WVM_070706_299
Existing comment: The Grand Review:
-- "The only national debt we can never pay is the debt we owe to the victorious Union soldiers." -- Banner suspended across Pennsylvania Avenue -- Washington D.C. -- May 23, 1865
Union veterans 200,000 strong marched through Washington on May 23 and 24, 1865, to celebrate their triumph in the Civil War. The column of troops was twenty-five miles long and took two days to pass before the reviewing stand. The Grand Review served as a rite of passage for the citizen-soldiers of the Union, most of whom eagerly anticipated their own transformation back into civilian life.
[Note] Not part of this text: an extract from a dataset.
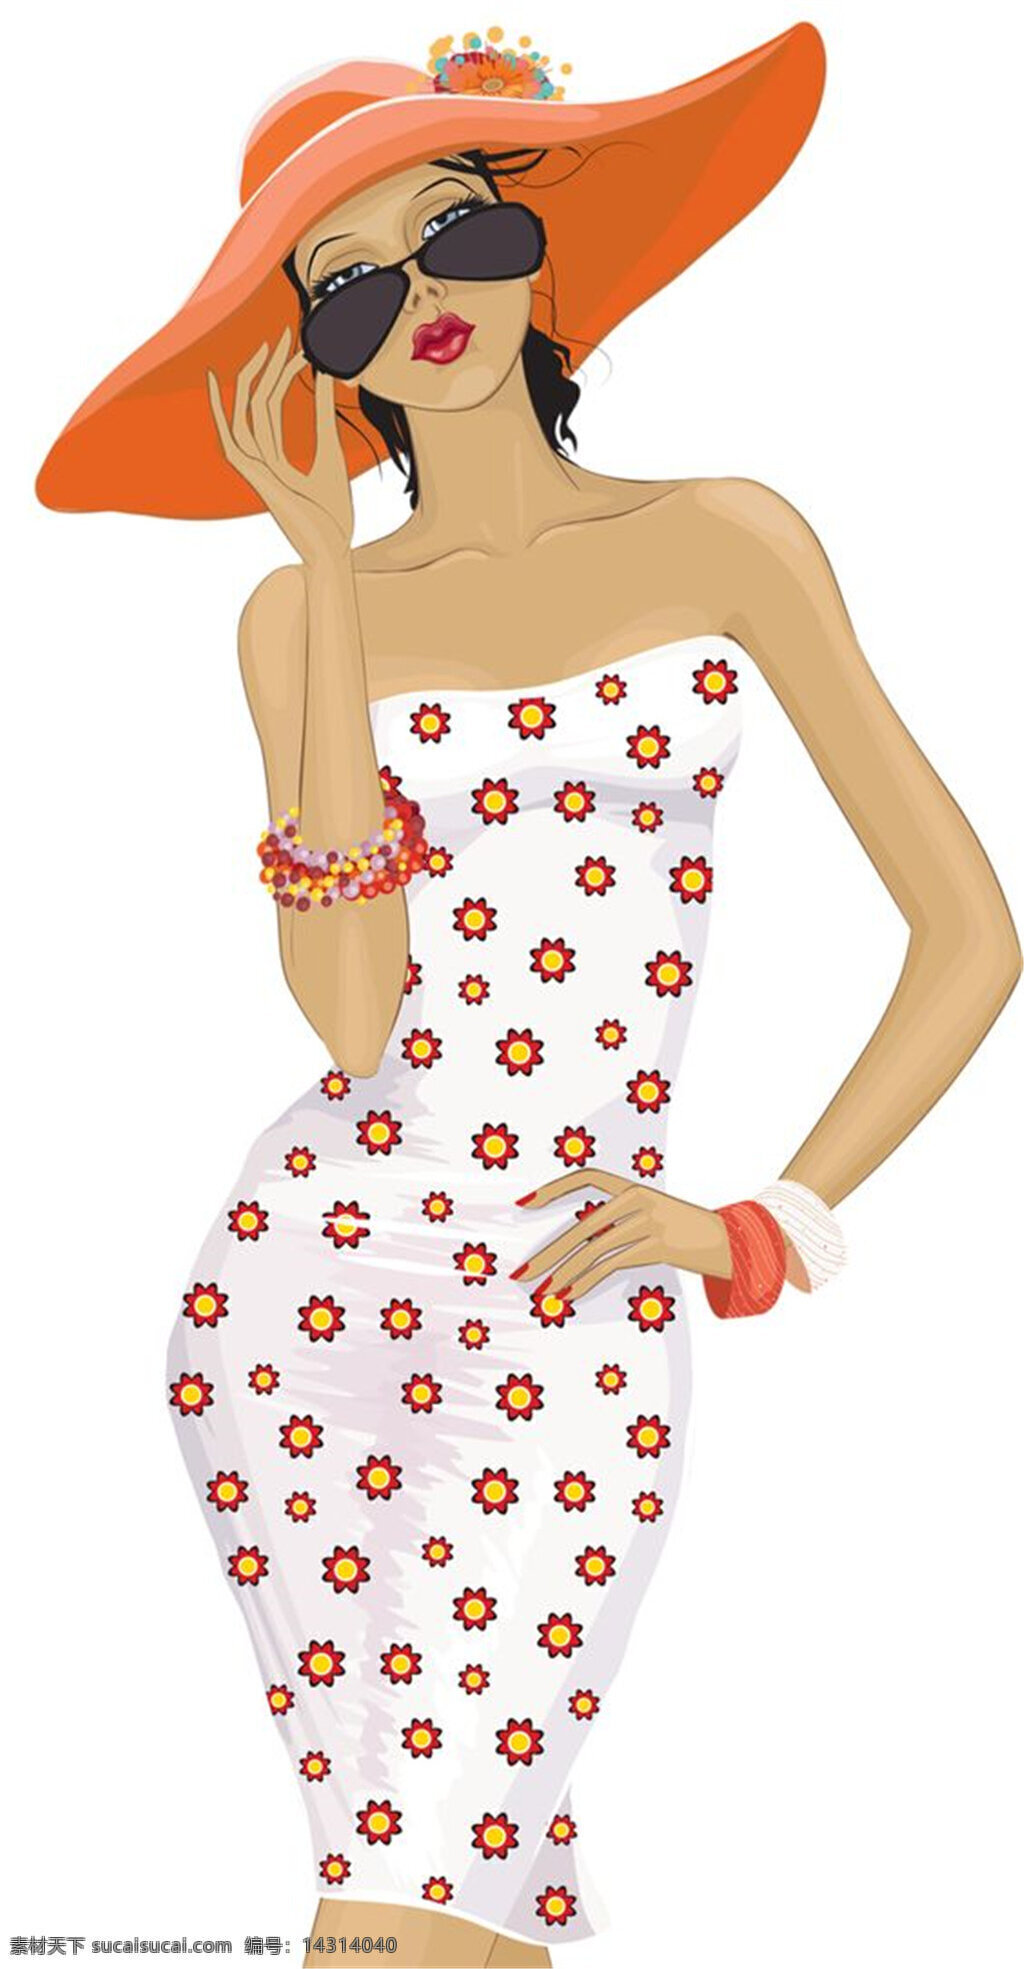 清新 雏 菊 图案 抹胸 裙 女装 效果图 橙色帽子 服装设计 服装效果图 抹胸裙 手环

The Grand Review was America's first mass military parade. Never before had such a large force been gathered in one place in the United States. Crowds cheered, troops marched, and the Union army paraded off the stage of history. But the veterans carried with them an experience that would bind them in a unique brotherhood for the rest of their lives. Demobilization was completed with remarkable swiftness and, by June 1866, more than 1 million men had been mustered out of U.S. service.
The Grand Review served as a catharsis, exhibiting the size and power of the Union's volunteer army, while celebrating the fact that the huge force would soon evaporate. The Grand Review was a stirring moment in U.S. history, and veterans' organizations subsequently attempted to evoke its emotional appeal.